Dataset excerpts
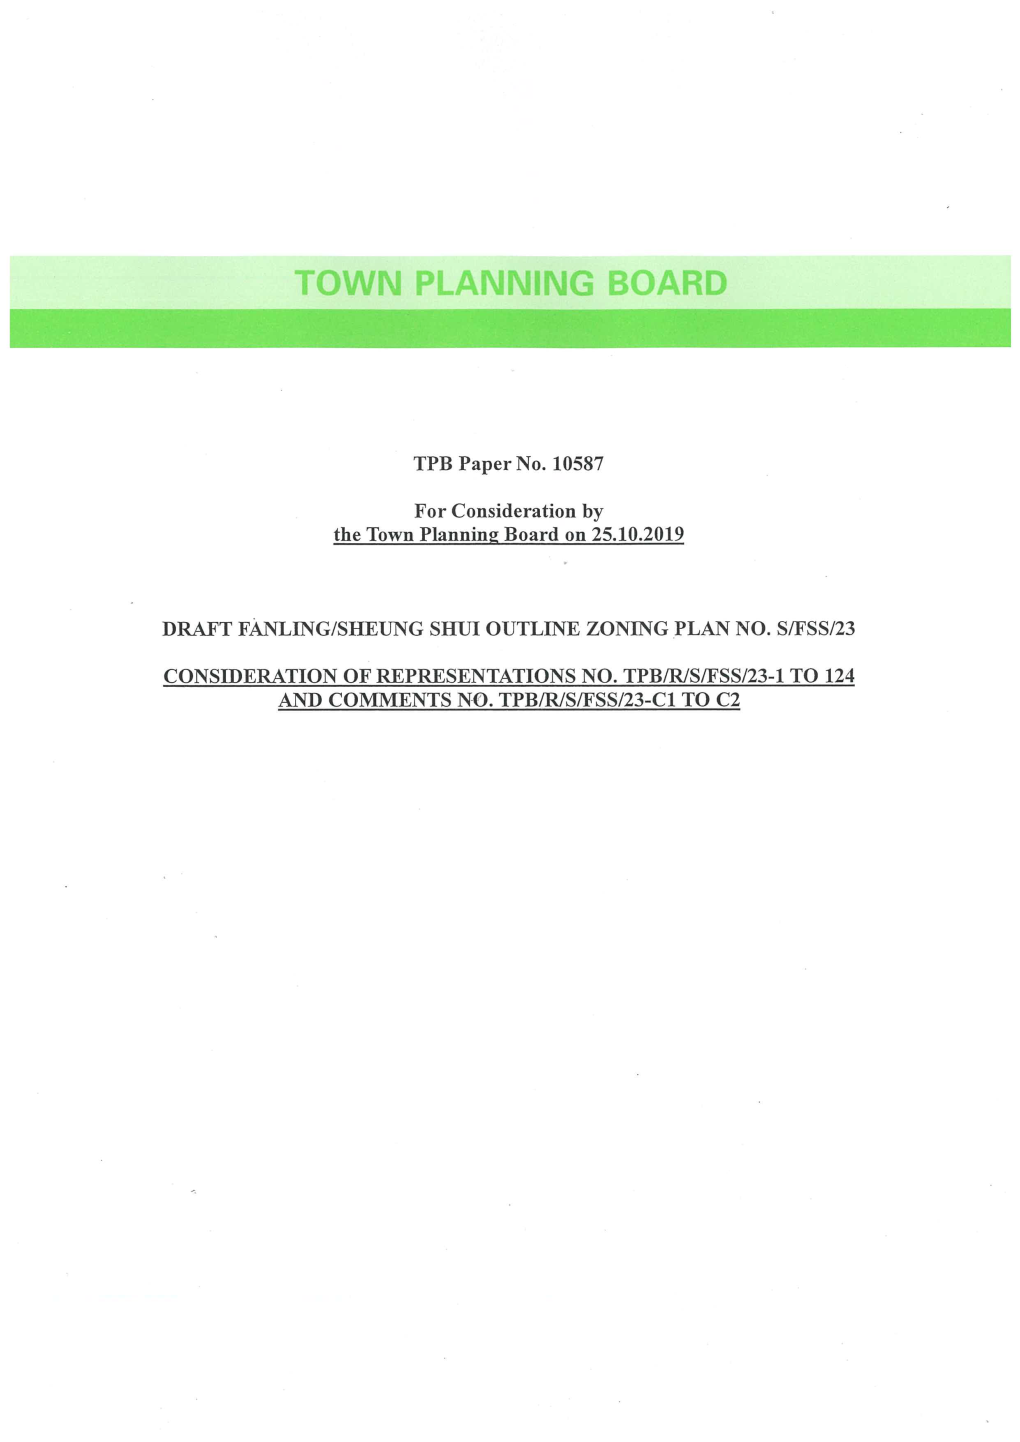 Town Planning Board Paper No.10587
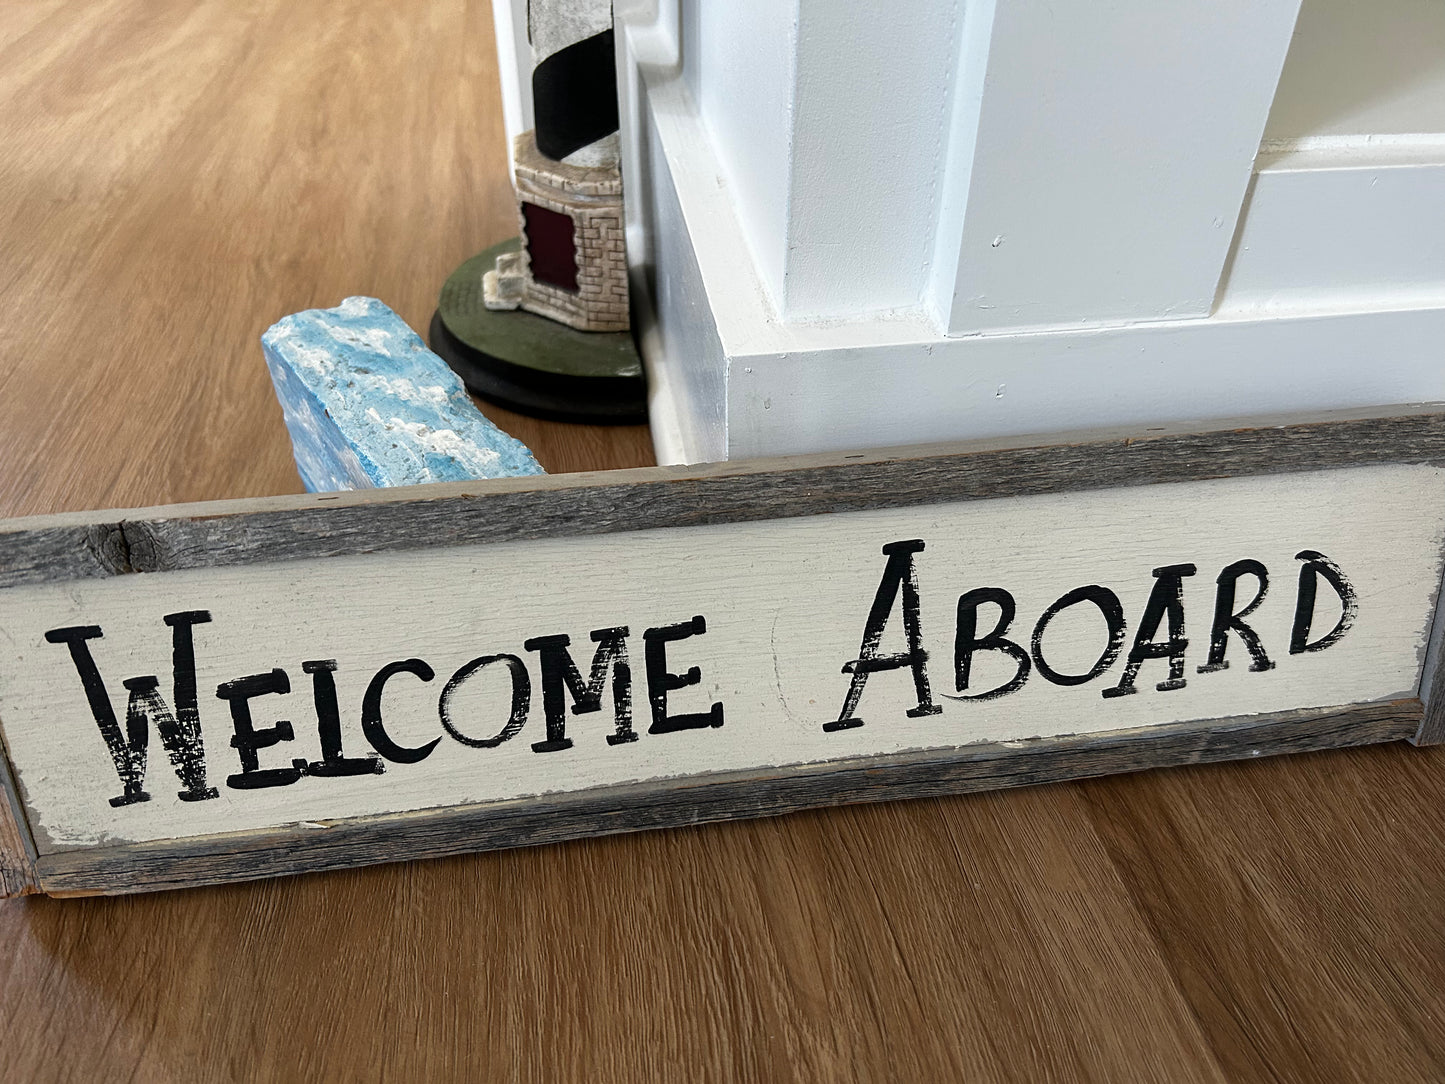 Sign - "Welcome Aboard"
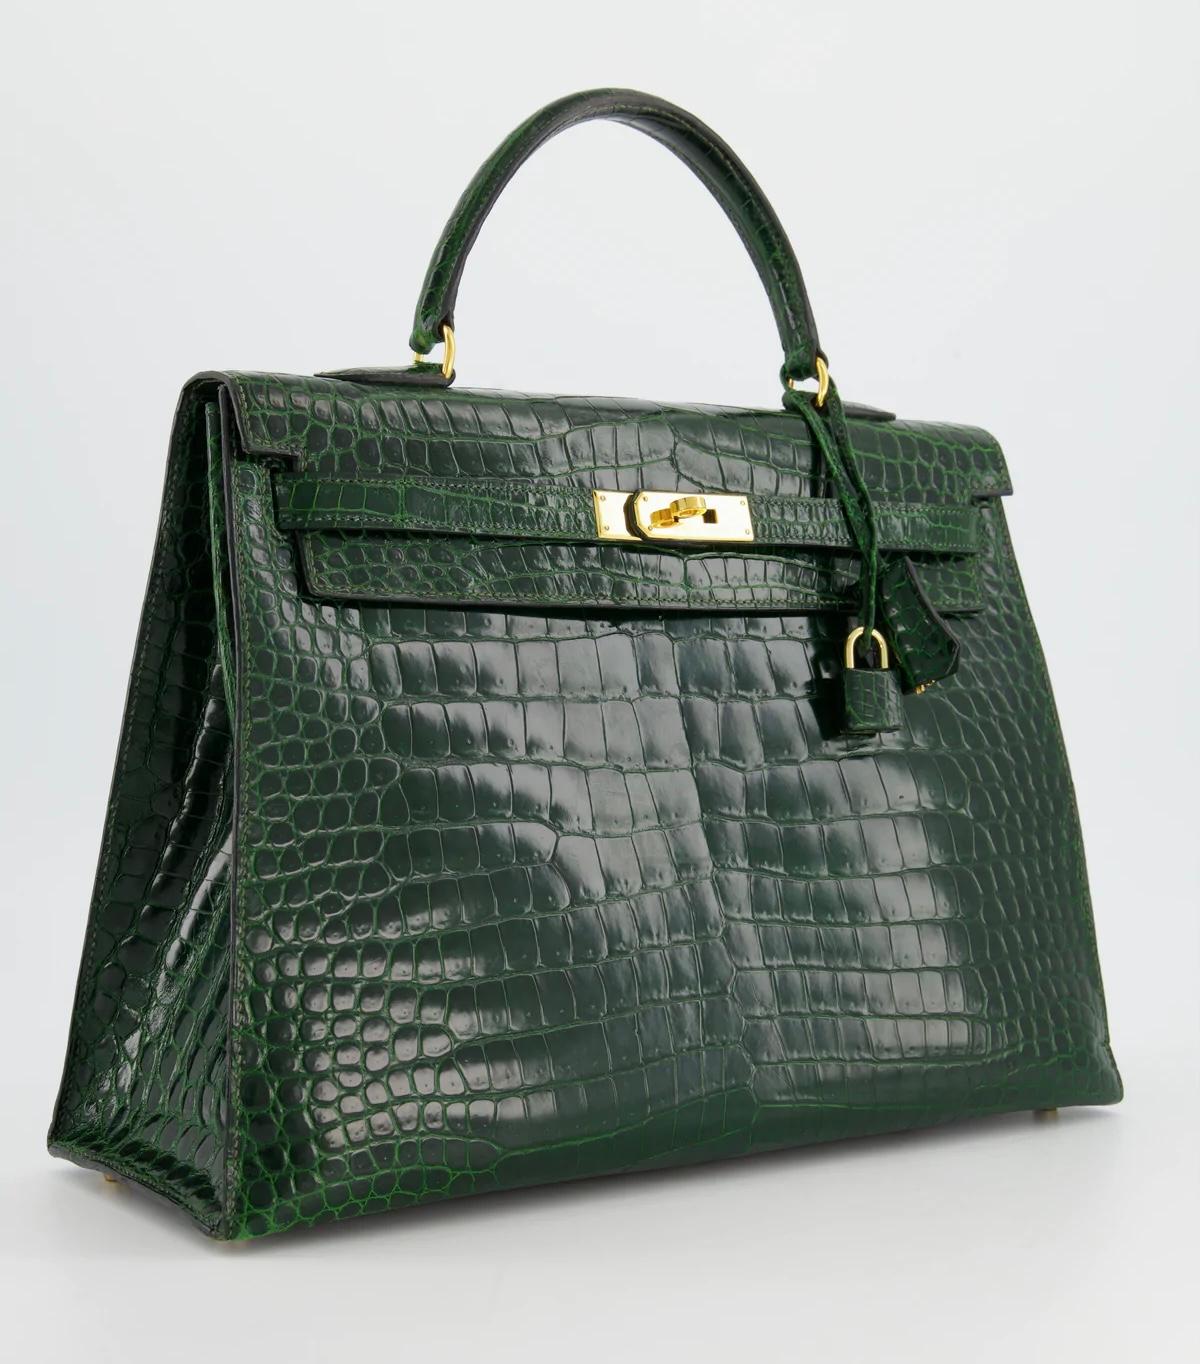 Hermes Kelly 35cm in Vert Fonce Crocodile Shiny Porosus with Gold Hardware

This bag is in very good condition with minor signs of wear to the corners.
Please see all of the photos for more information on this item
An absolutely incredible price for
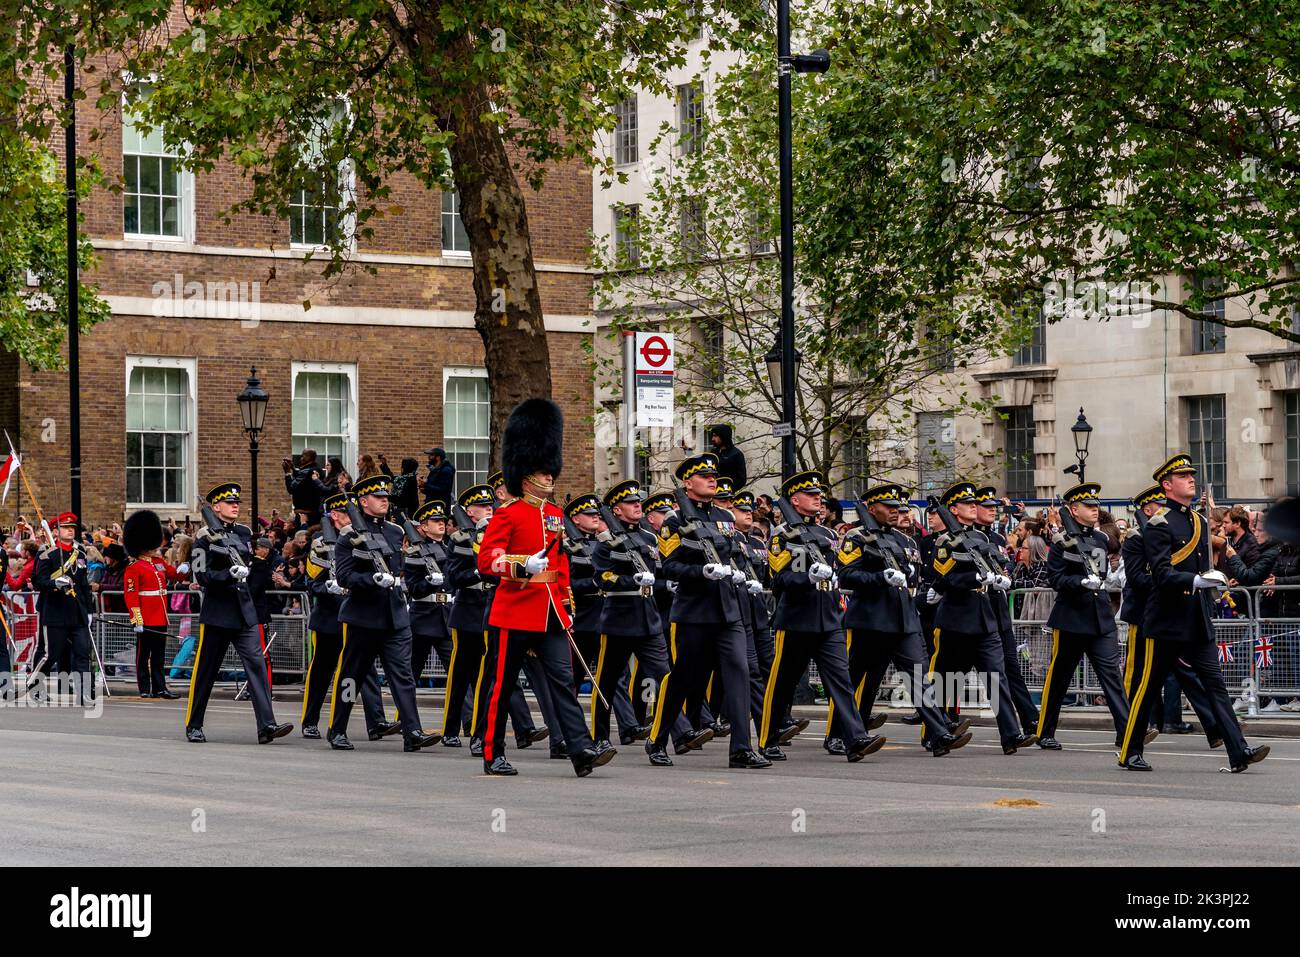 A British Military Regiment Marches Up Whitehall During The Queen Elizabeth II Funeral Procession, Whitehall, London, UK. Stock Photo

- TASK TO CARRY OUT
Once the pictures are removed, print all the remaining data exactly as it stands.

- SOLUTION TO THE EXERCISE
 Town Planning Board Paper No.10587
 Sign - "Welcome Aboard"
 Hermes Kelly 35cm in Vert Fonce Crocodile Shiny Porosus with Gold Hardware

This bag is in very good condition with minor signs of wear to the corners.
Please see all of the photos for more information on this item
An absolutely incredible price for
 A British Military Regiment Marches Up Whitehall During The Queen Elizabeth II Funeral Procession, Whitehall, London, UK. Stock Photo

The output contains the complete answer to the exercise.